**YOUR OBJECTIVE:**
Restate word for word the lines below that run from the one holding "vaddanam-ottiyanam-hip-belt-designs (11)" through the one holding "Nostalgic Little Birds", inclusive. Pictures don't belong in the copy.

**AVAILABLE RECORDS:**
========

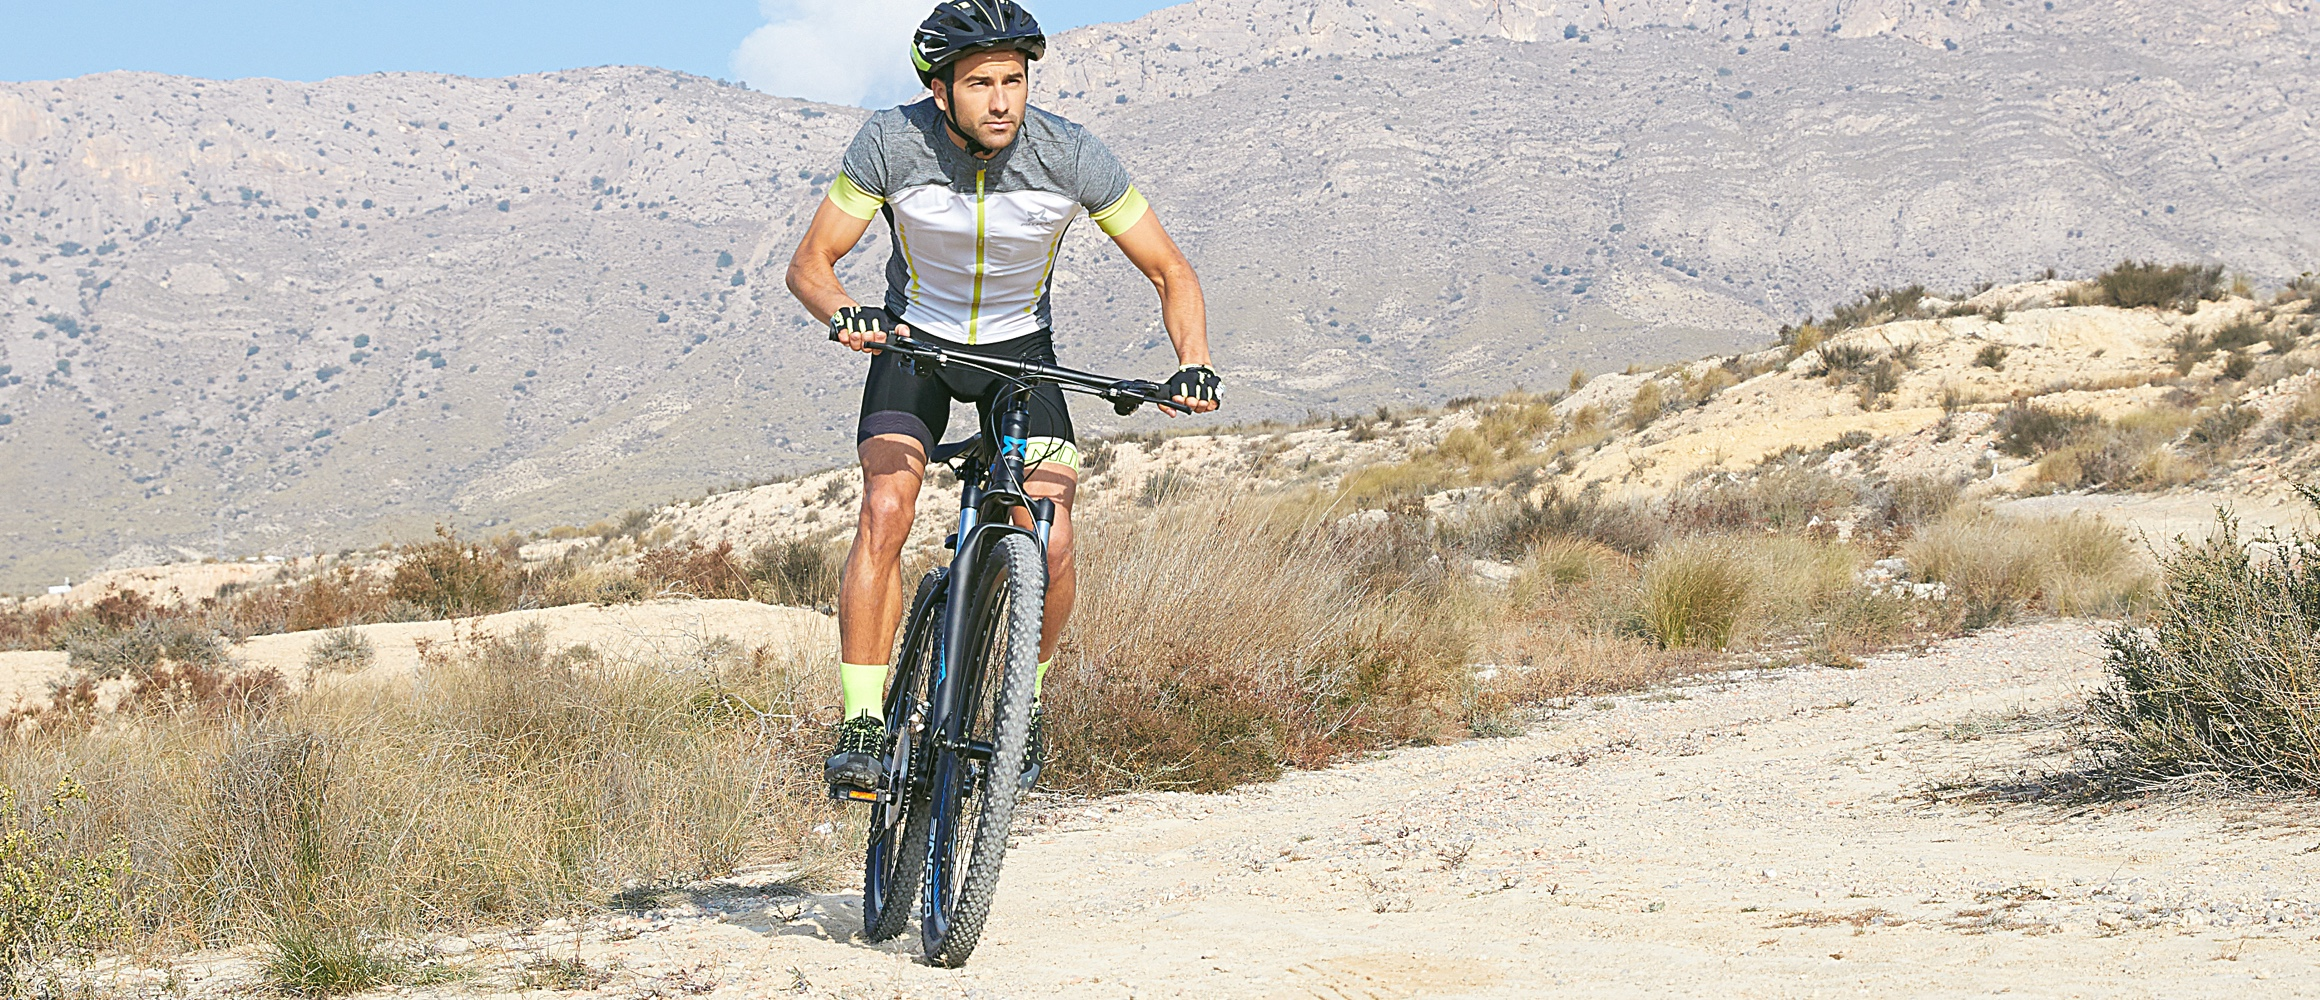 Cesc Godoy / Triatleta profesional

========

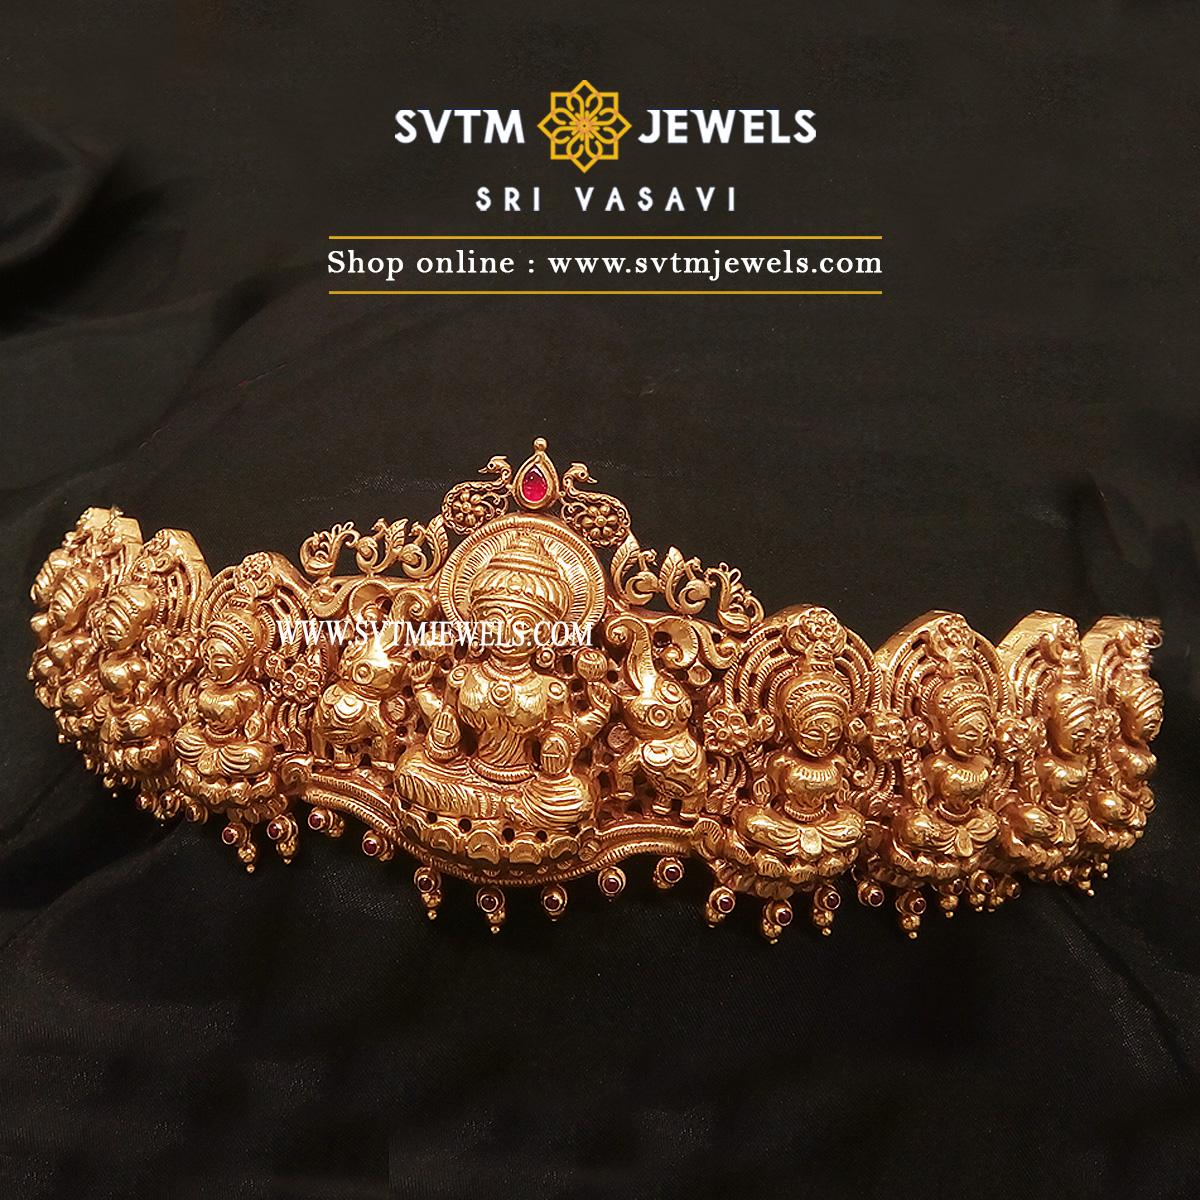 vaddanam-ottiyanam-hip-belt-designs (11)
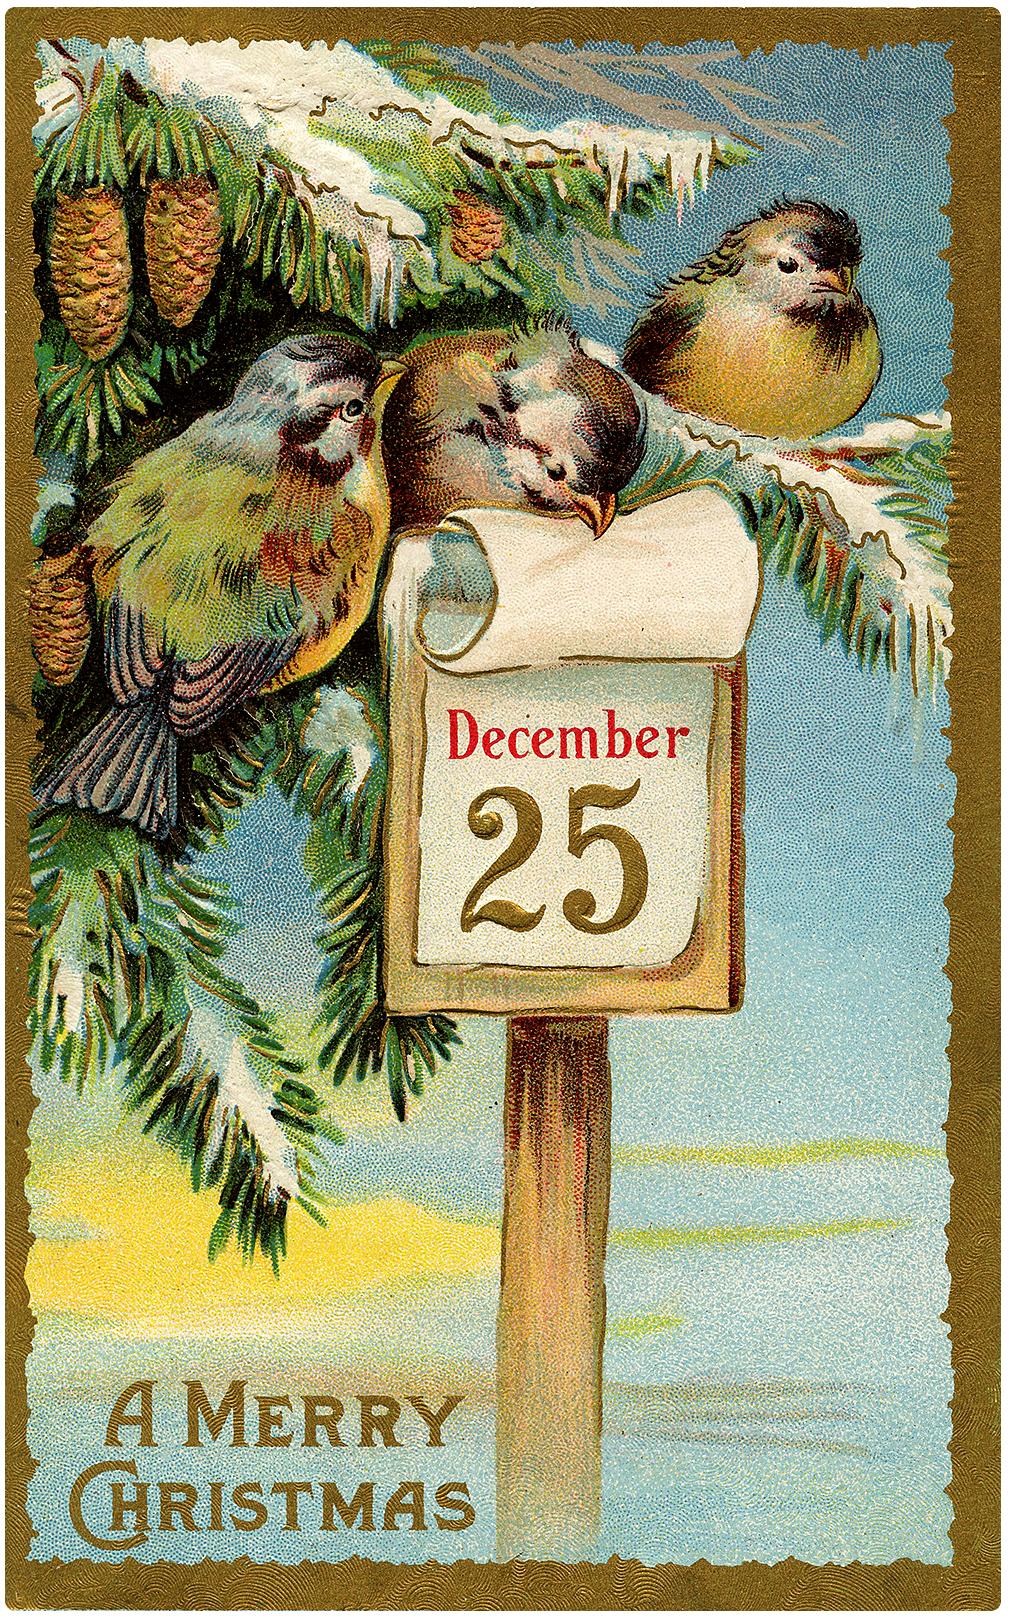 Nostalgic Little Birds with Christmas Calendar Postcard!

========

**ANSWER BOX:**
 vaddanam-ottiyanam-hip-belt-designs (11)
 Nostalgic Little Birds with Christmas Calendar Postcard!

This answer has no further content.